You should then start writing your code following the guidelines
From Existing Notebook
Copy your existing notebook into the appropriate detector directory,
or create a new one if the detector does not exist yet. Give the copy
a suffix `_NBC` to denote that it is enabled for the tool chain.
You should then start restructuring your code following the guidelines
Title and Author Information
Especially for report generation the notebook should have a proper title
author and version. These should be given in a leading markdown cell in
the form::
# My Fancy Calculation #
Author: Jane Doe, Version 0.1
A description of the notebook.
Information in the format will allow automatic parsing of author and version.
Exposing Parameters to the Command Line
The European XFEL Offline Calibration toolkit automatically deduces
command line arguments for Jupyter notebooks. It does this with an
extended version of nbparameterise_, originally written by Thomas
Parameter deduction tries to parse all variables defined in the first
code cell of a notebook. The following variable types are supported:
* numbers: ints and floats
* Booleans
* strings
* lists of any of the above
You should avoid having `import` statements in this cell. Line comments
can be used to define the help text provided by the command line interface,
and to signify if lists can be constructed from ranges and if paramters are
in_folder = '/gpfs/exfel/exp/SPB/201830/p900019/raw' # path to input data, required
modules = [0] # modules to work on, required, range allowed
out_folder = "/gpfs/exfel/exp/SPB/201830/p900019/proc/calibration0618/FF" # path to output to, required
runs = [820,] # runs to use, required, range allowed
sequences = [0,1,2,3,4] # sequences files to use, range allowed
cluster_profile = "noDB" # The ipcluster profile to use
local_output = False # output constants locally
Here, `in_folder` and `out_folder` are required string values. Values for required parameters have to be given when executing from the command line. This means that any defaults given in the first cell of the code are ignored (they are only used to derive the type of the parameter). `Modules` is a list, which from the command line could also be assigned using a range expression, e.g. `5-10,12,13,18-21`, which would translate to `5,6,7,8,9,12,13,18,19,20`. It is also a required parameter. The parameter `local_output` is a Boolean. The corresponding argument given in the command line will change this parameter from `false` to `True`. There is no way to change this parameter from `True` to `False` from the command line.
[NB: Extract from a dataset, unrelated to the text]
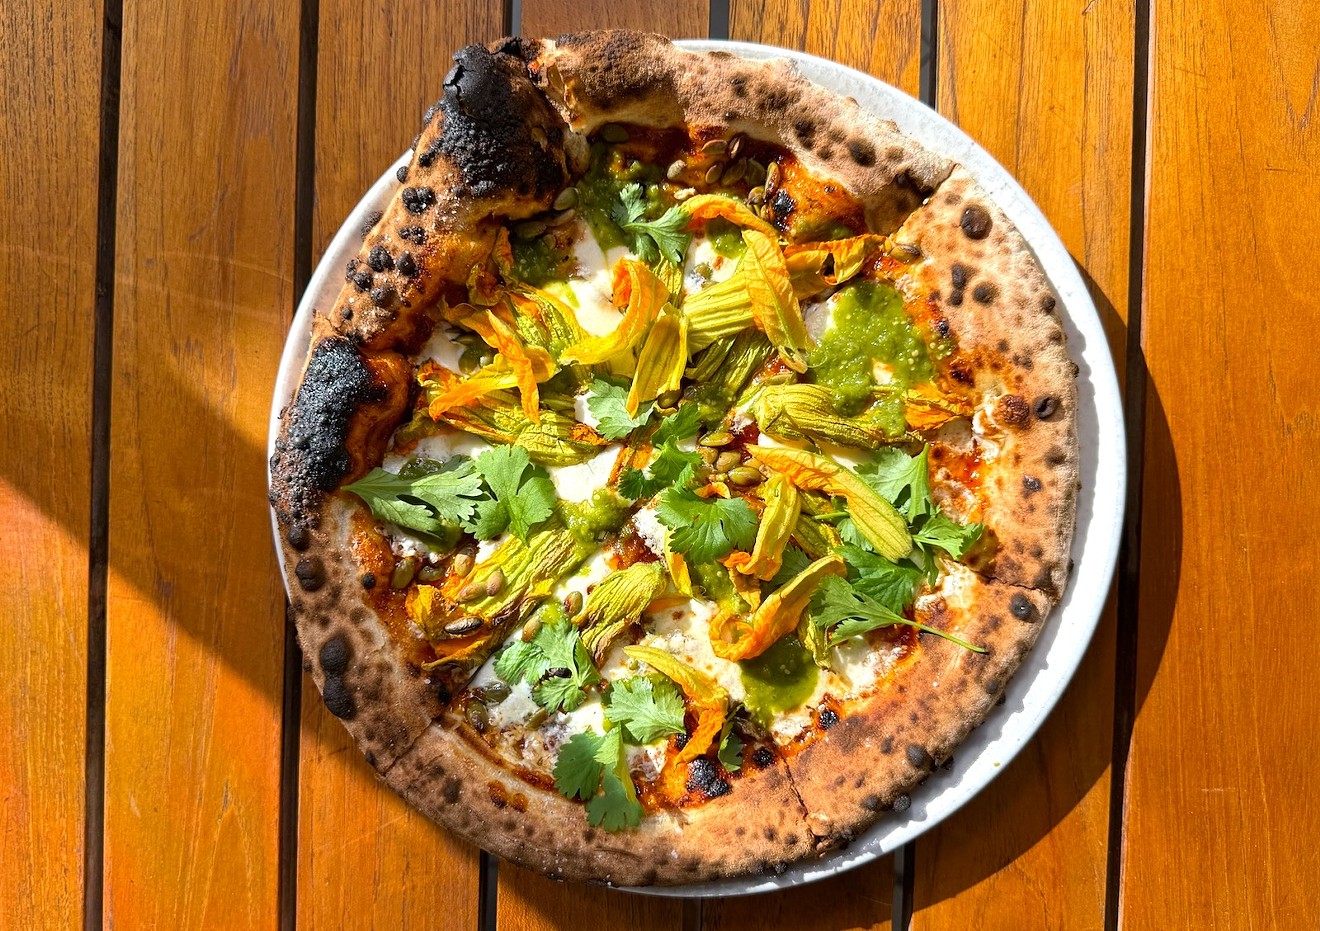 The Oaxacan pizza will be offered as part of the Masienda dinner topped with squash blossoms, quesillo, salsa, and pumpkin seeds.

The `cluster_profile` parameter is a bit special, in that the tool kit expects exactly this
name to provide the profile name for an ipcluster_ being run. Hence you use `ipcluster`
for parallelisation, define your profile name in this variable.
The excerpt above is from a flat field characterization notebook for AGIPD. The code would lead
to the following parameters being exposed via the command line::
% xfel-calibrate AGIPD FF --help
usage: [-h] --in-folder str [--modules str [str ...]]
--out-folder str --runs str [str ...]
[--sequences str [str ...]] [--cluster-profile str]
[--local-output] [--db-output] [--bias-voltage int]
[--cal-db-interface str] [--mem-cells int]
[--interlaced] [--fit-hook] [--rawversion int]
[--instrument str] [--photon-energy float]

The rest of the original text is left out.